How Is Cytomegalovirus (CMV) Diagnosed?

Cytomegalovirus (CMV) is a common virus belonging to the herpesvirus family. Once a person is infected, the virus remains dormant in the body for life. Most healthy individuals show no symptoms or experience only a mild, mononucleosis-like illness. However, CMV can cause serious complications in specific populations, including those who are immunocompromised and developing fetuses. Diagnosing CMV requires different methods depending on the patient’s immune status and age, such as whether the patient is an adult, a pregnant woman, or a newborn.

Serological Testing for CMV Antibodies

The standard diagnostic approach for non-pregnant adults and adolescents involves serological testing for antibodies in the blood. Two main types of antibodies are measured: Immunoglobulin G (IgG) and Immunoglobulin M (IgM). The presence of IgG antibodies indicates a past infection and lifelong immunity.

IgM antibodies are produced early in the infection process, suggesting a recent or active infection. However, IgM can reappear during viral reactivation. Because IgM alone cannot definitively confirm a recent primary infection, IgG Avidity testing is often performed to measure the binding strength of the IgG antibodies to the virus.

In a primary infection, the initial IgG antibodies are “low avidity” because they bind weakly. Over three to four months, these antibodies mature and become “high avidity,” binding much more strongly. Therefore, low-avidity IgG, often with a positive IgM result, strongly indicates a primary CMV infection occurred within the past few months.

Prenatal and Fetal Diagnostic Procedures

When CMV infection is suspected in a pregnant woman, diagnosis is a sequential process because a primary infection carries the highest risk of transmission to the fetus. The initial step is maternal serology, using IgG and IgM to determine the woman’s immune status and if a recent infection has occurred. A positive IgM and low-avidity IgG result suggests a primary infection within the past few months, placing the pregnancy at risk.

Once a recent maternal infection is confirmed, the definitive diagnostic procedure for fetal infection is the polymerase chain reaction (PCR) test performed on amniotic fluid collected via amniocentesis. This procedure is typically performed no earlier than 17 to 21 weeks of gestation and ideally at least six to eight weeks after the estimated time of maternal infection. PCR detects the viral DNA in the fluid, confirming the virus has crossed the placenta and infected the fetus.

Fetal ultrasound plays a supportive role by looking for specific signs that may suggest fetal infection. These signs can include abnormalities in the brain, such as microcephaly or calcifications, or fetal growth restriction. The presence of such anomalies may indicate the need for amniocentesis.
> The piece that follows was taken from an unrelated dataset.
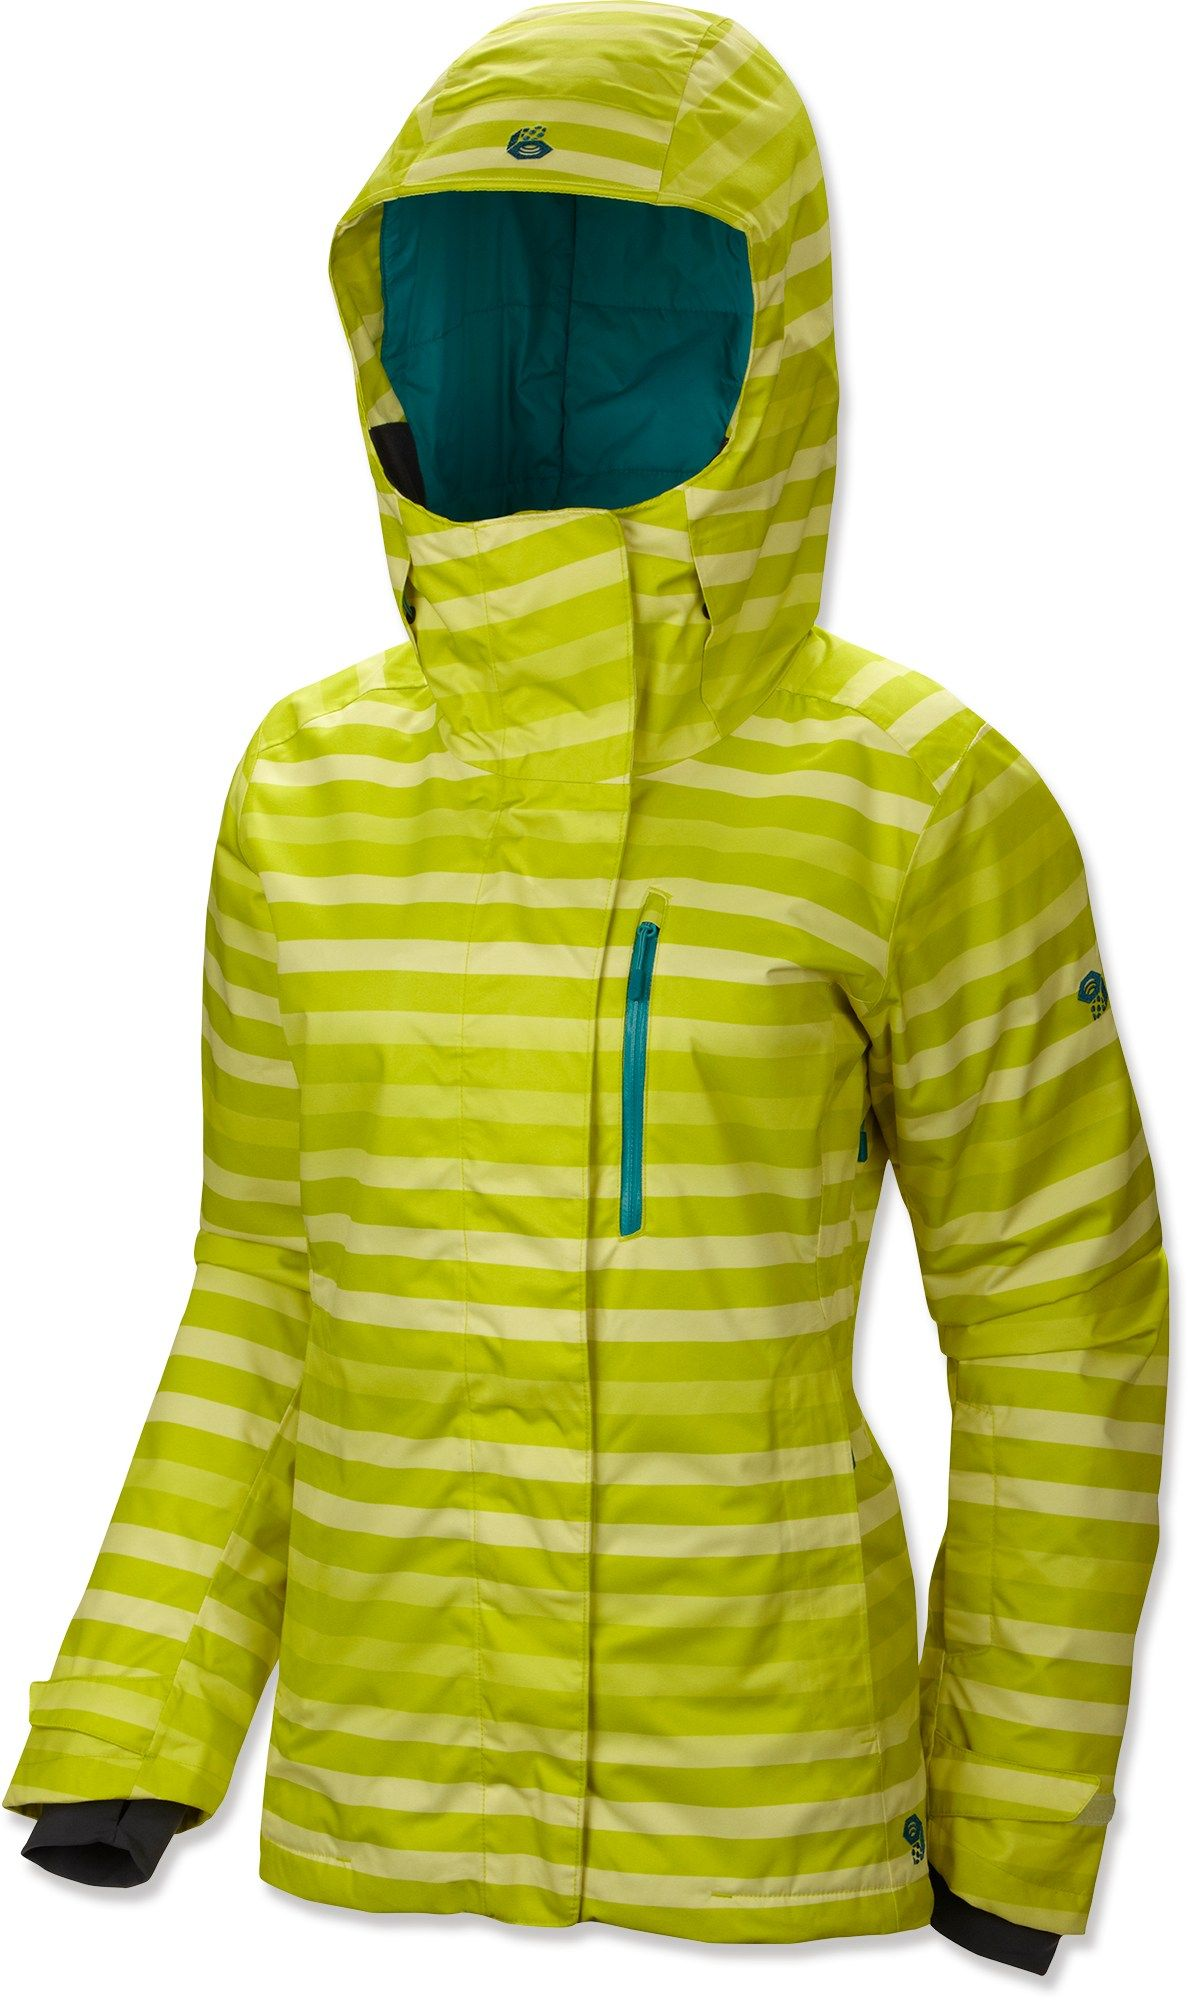 848cf9001 Barnsie Insulated Jacket - Women's | Snowbunny | Jackets for women ...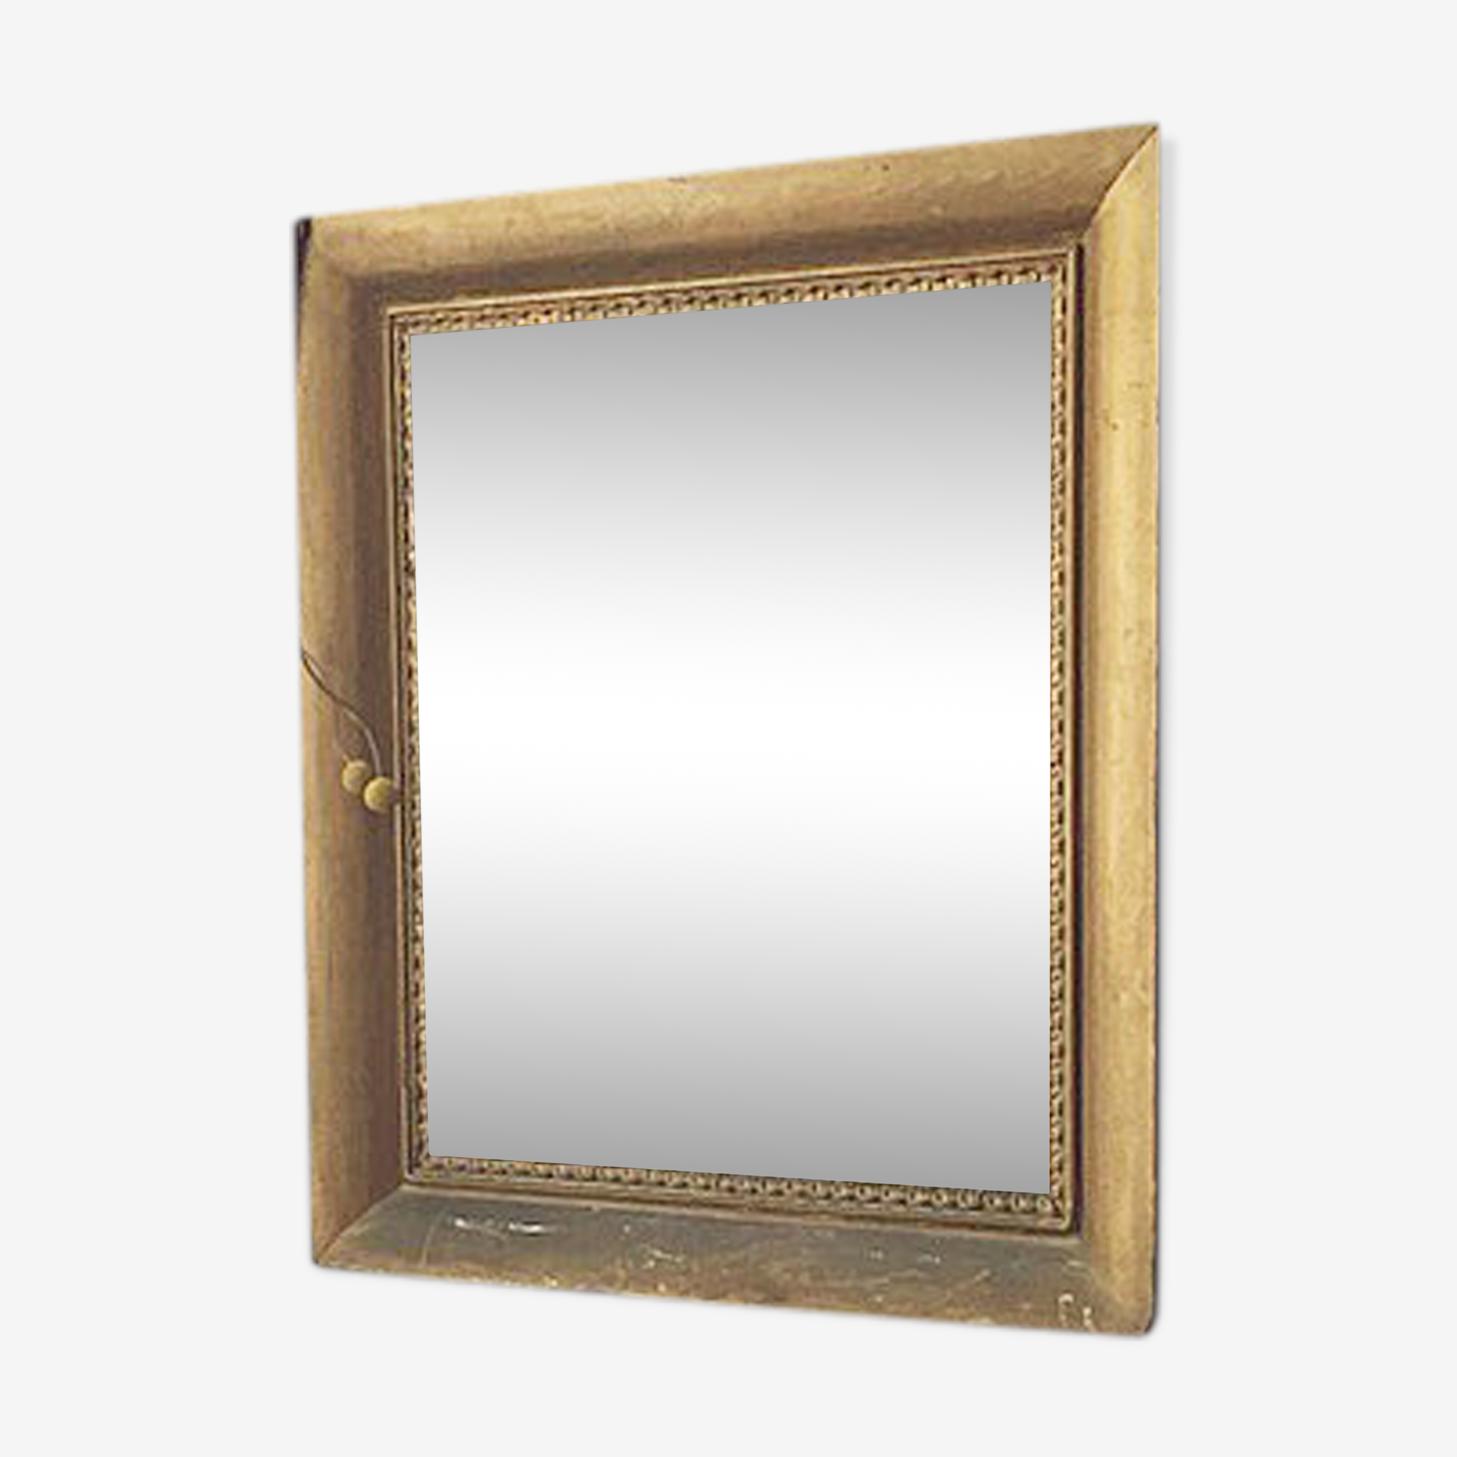 Golden rectangle mirror 68 x 77 cm

Diagnosing Congenital CMV in Newborns

Confirming congenital CMV infection relies on detecting the virus in a newborn’s body fluids within a specific time frame. This is important because the virus can also be acquired during or shortly after birth (perinatal or postnatal infection) through contact with maternal secretions or breast milk. The preferred specimen types are urine and saliva, which typically contain high concentrations of the virus in congenital cases.

The sample must be collected within the first 21 days of life to definitively establish a congenital infection. If a saliva sample tests positive for CMV DNA using a molecular test like PCR, it is often confirmed with a urine sample to rule out a false positive from viral shedding in maternal breast milk. After the 21-day window, it becomes difficult to distinguish between congenital and acquired infection. Dried blood spot (DBS) analysis from the newborn screening card can sometimes be used retrospectively to confirm the diagnosis in older infants.

Understanding Active Infection: Viral Load Testing

For patients with known CMV infection, especially those who are immunocompromised, diagnosis shifts to assessing active viral replication. This is achieved through quantitative Polymerase Chain Reaction (PCR) testing, which measures the amount of CMV DNA present in the blood, known as the viral load. PCR directly confirms the presence of the virus’s genetic material, unlike serology which detects the immune response.

The viral load is usually reported in International Units per milliliter (IU/mL) and is used for monitoring disease activity and guiding treatment decisions. In high-risk patients, such as solid organ transplant recipients, regular monitoring is used to initiate preemptive antiviral therapy before disease develops. A change of more than 0.5 log IU/mL is typically required to represent a biologically meaningful change in the patient’s condition.